= WORK REQUEST =
Please copy exactly the part of the records below that opens with the line containing "We are delighted" and closes with the line containing "A very good looking and large", leaving out any pictures.

= MATERIAL SUPPLIED =
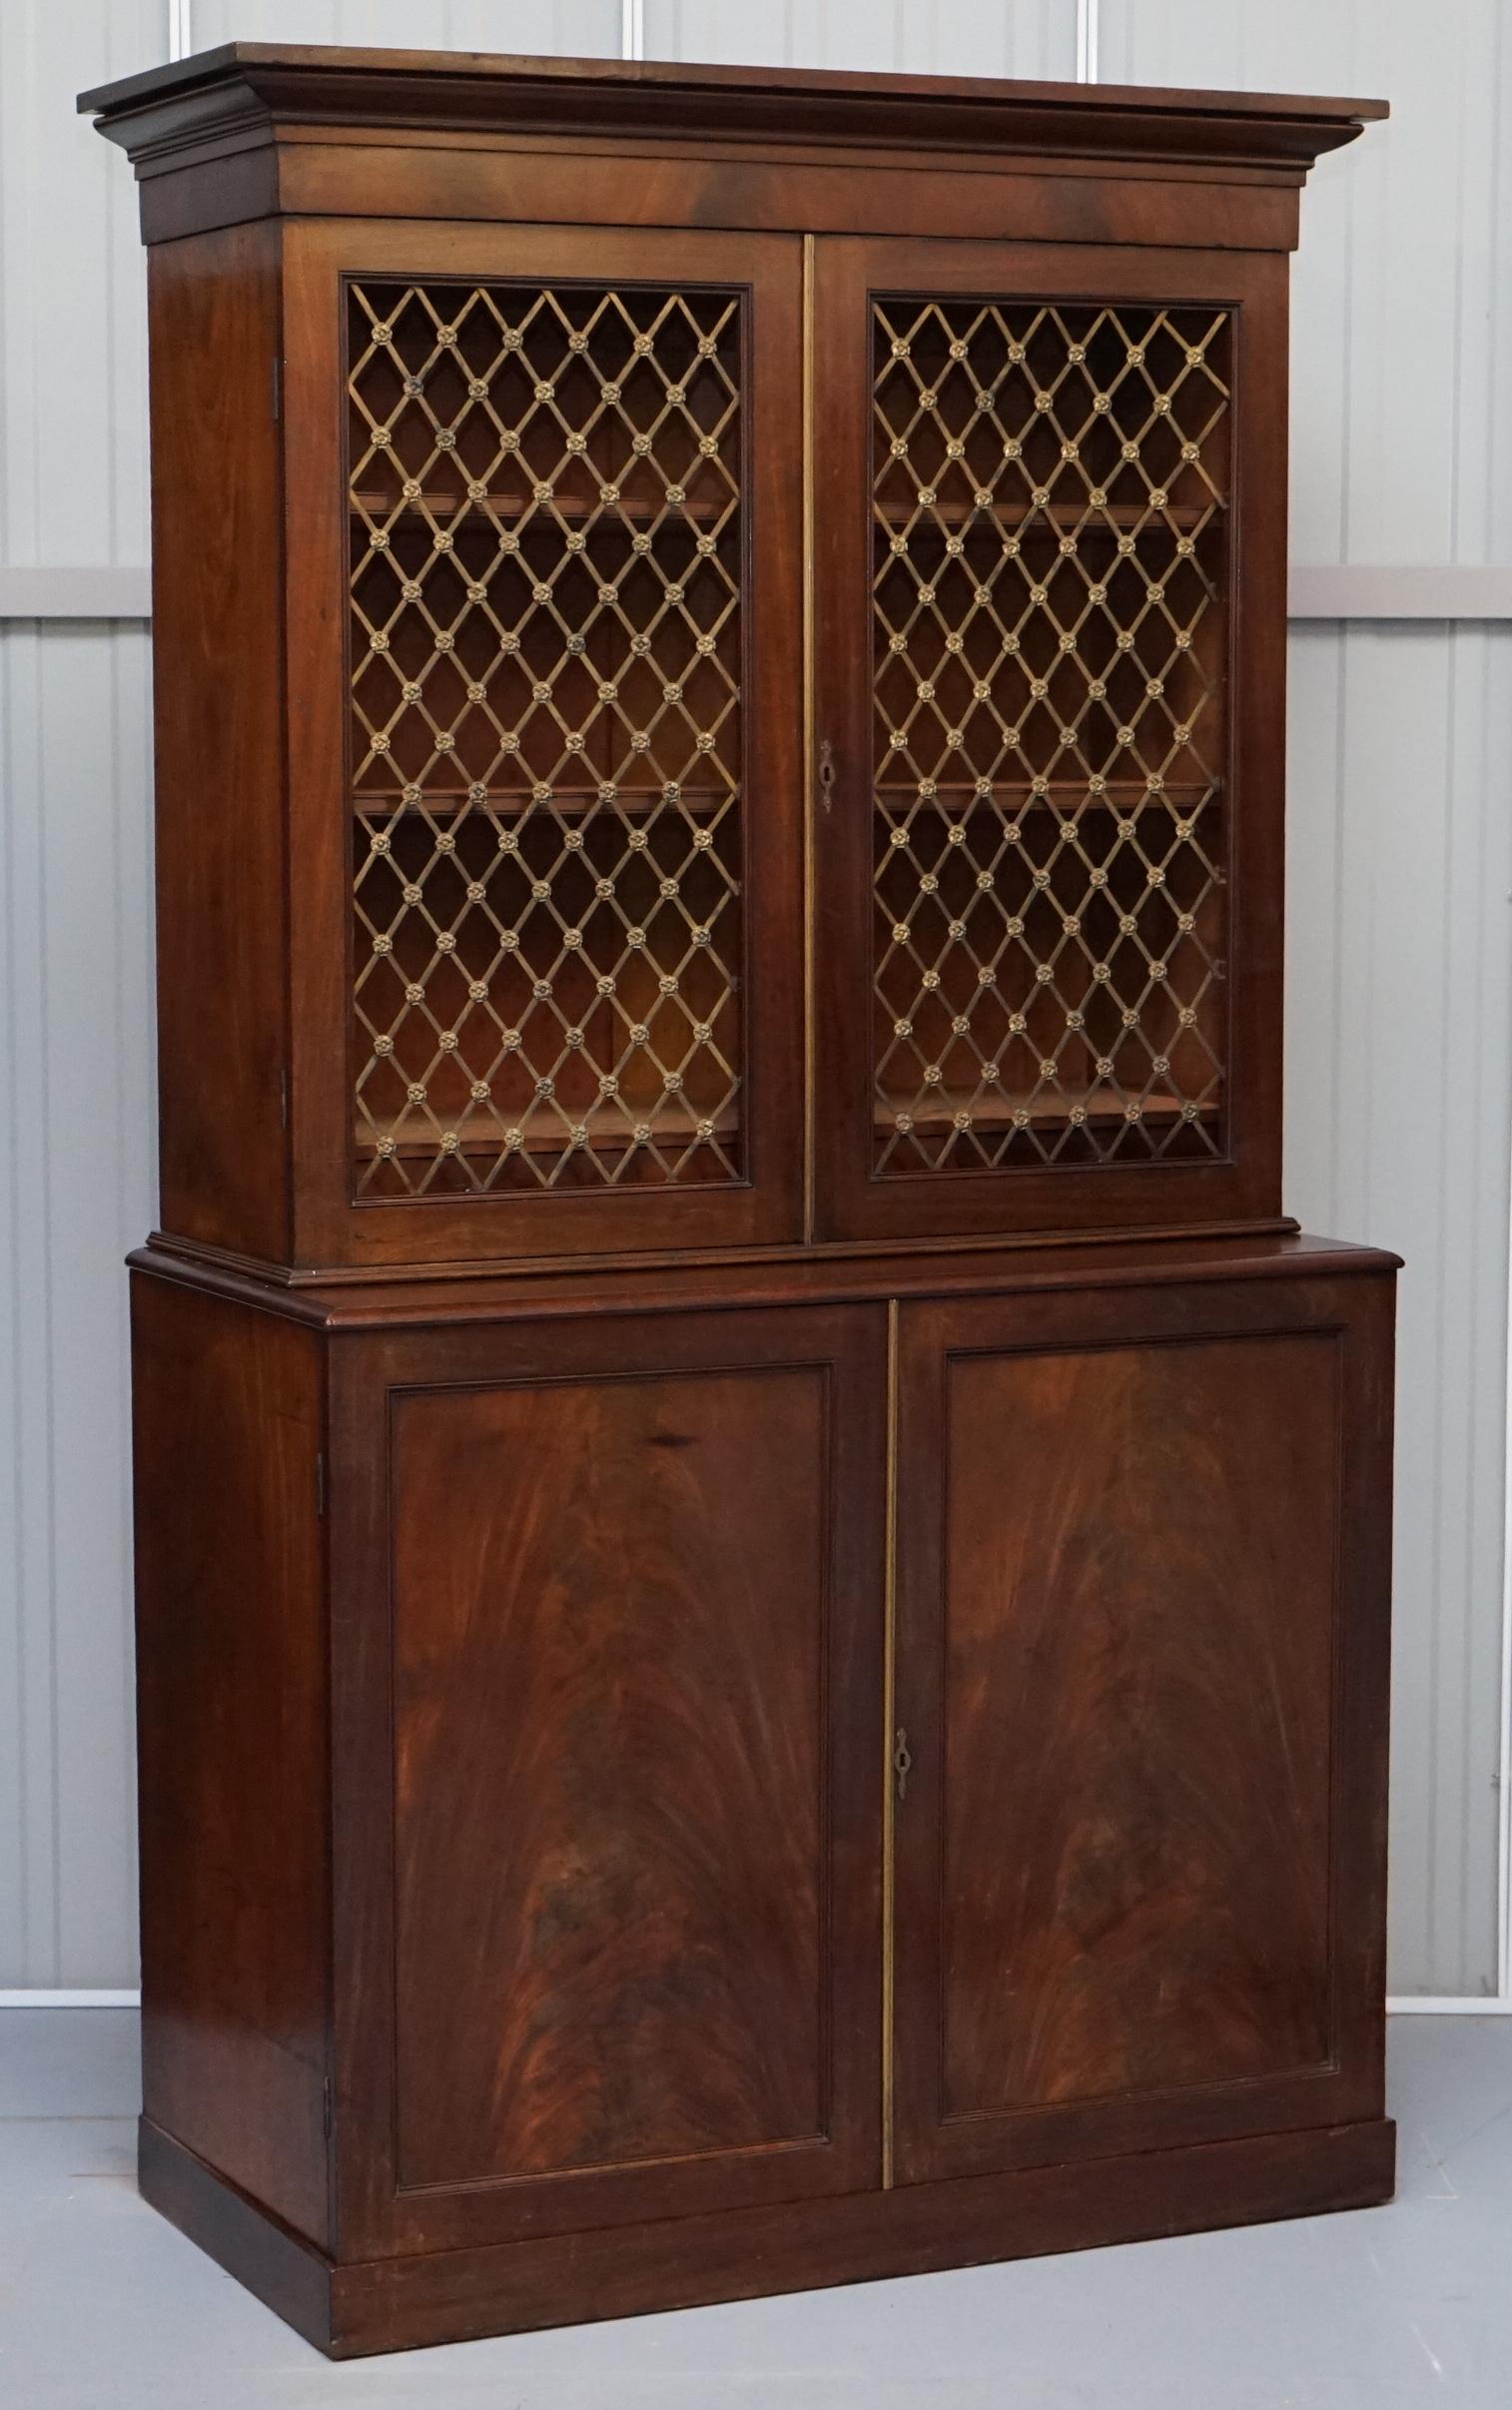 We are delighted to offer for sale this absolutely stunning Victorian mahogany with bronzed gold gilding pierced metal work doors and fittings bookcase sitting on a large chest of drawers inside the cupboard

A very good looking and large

--

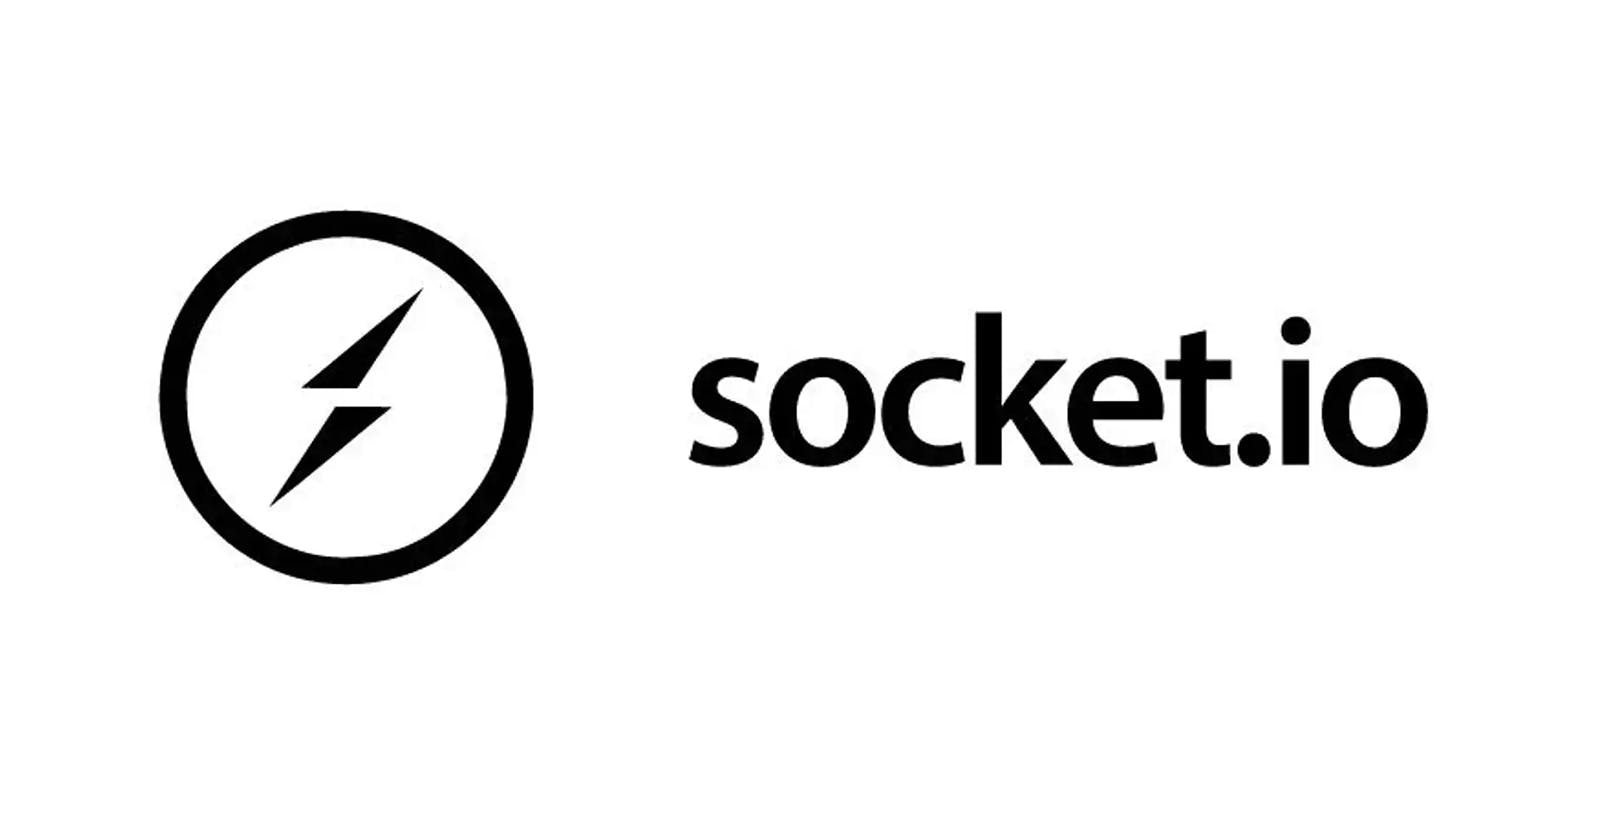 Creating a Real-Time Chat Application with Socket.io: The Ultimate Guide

...

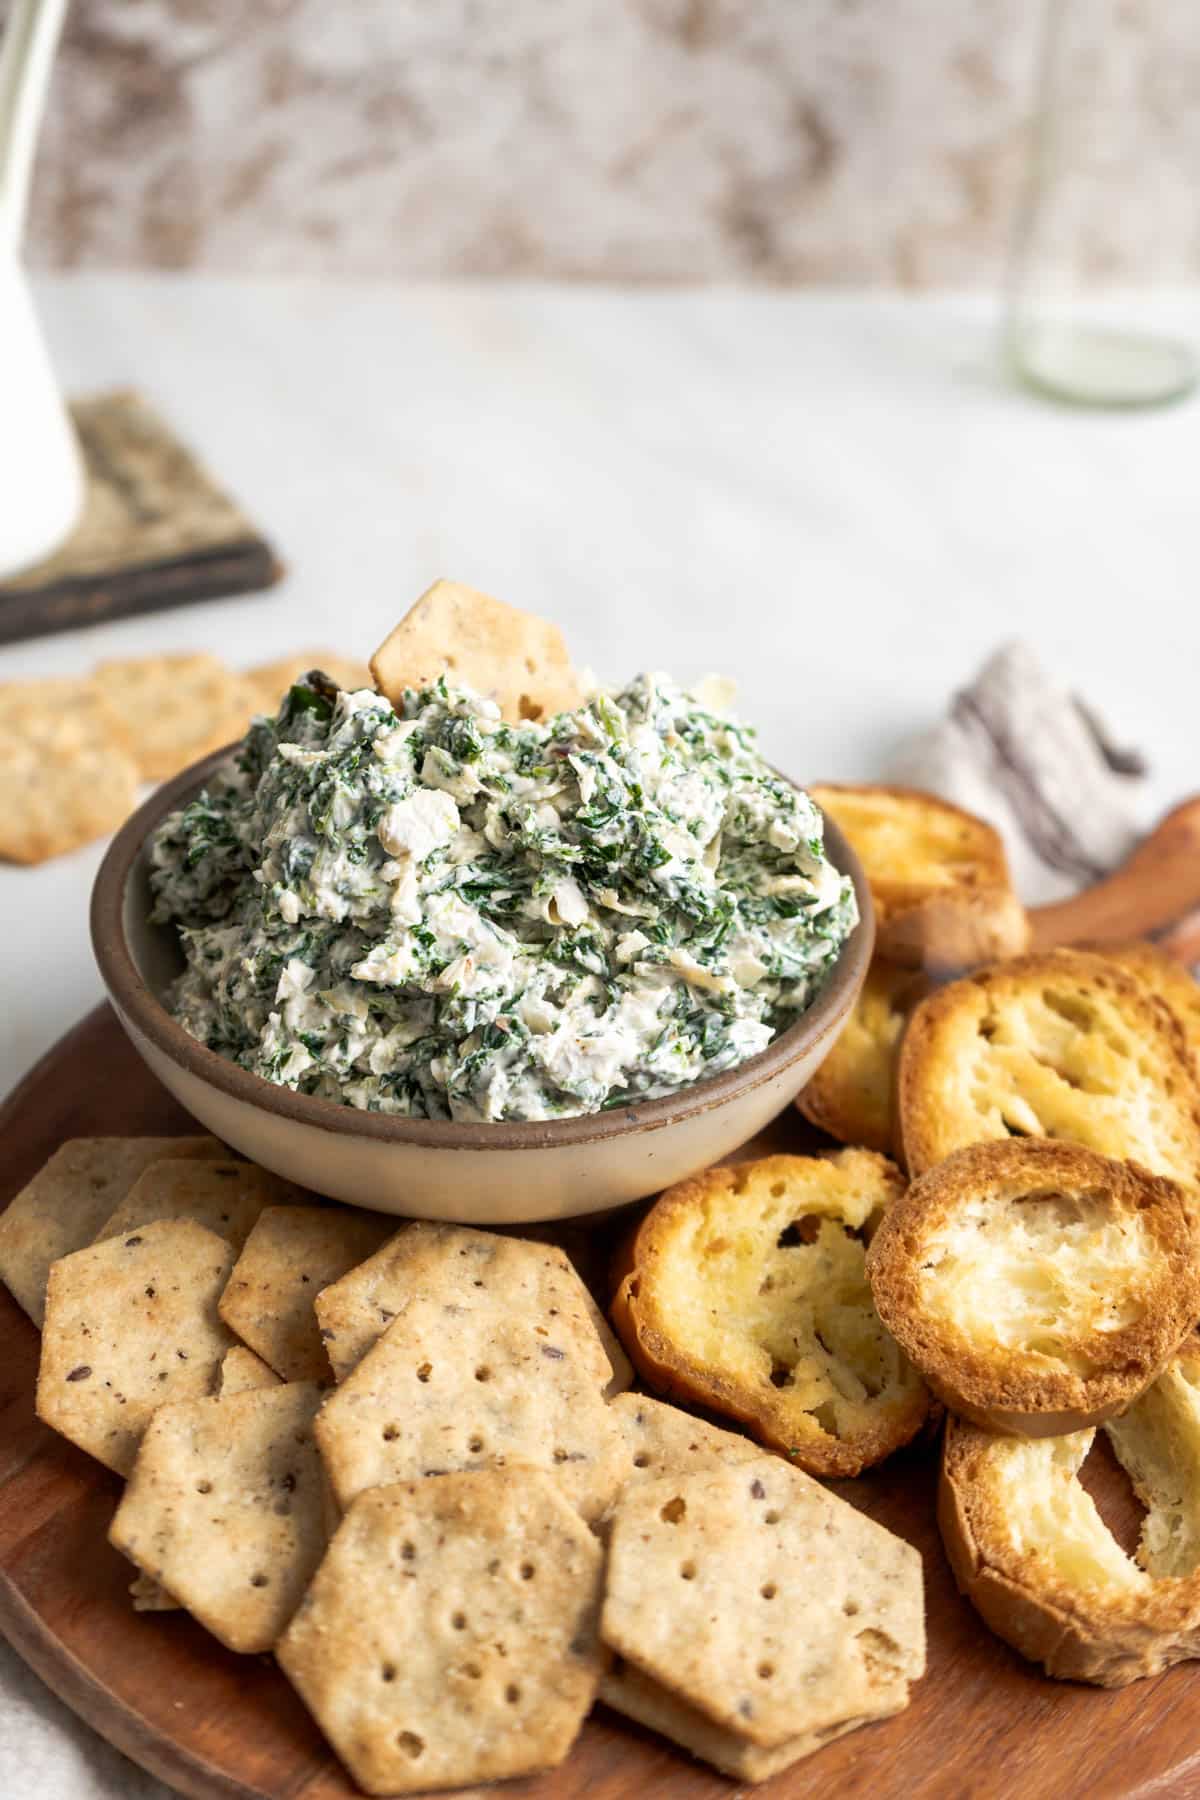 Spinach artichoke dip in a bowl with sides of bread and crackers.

= TASK SOLUTION =
 We are delighted to offer for sale this absolutely stunning Victorian mahogany with bronzed gold gilding pierced metal work doors and fittings bookcase sitting on a large chest of drawers inside the cupboard

A very good looking and large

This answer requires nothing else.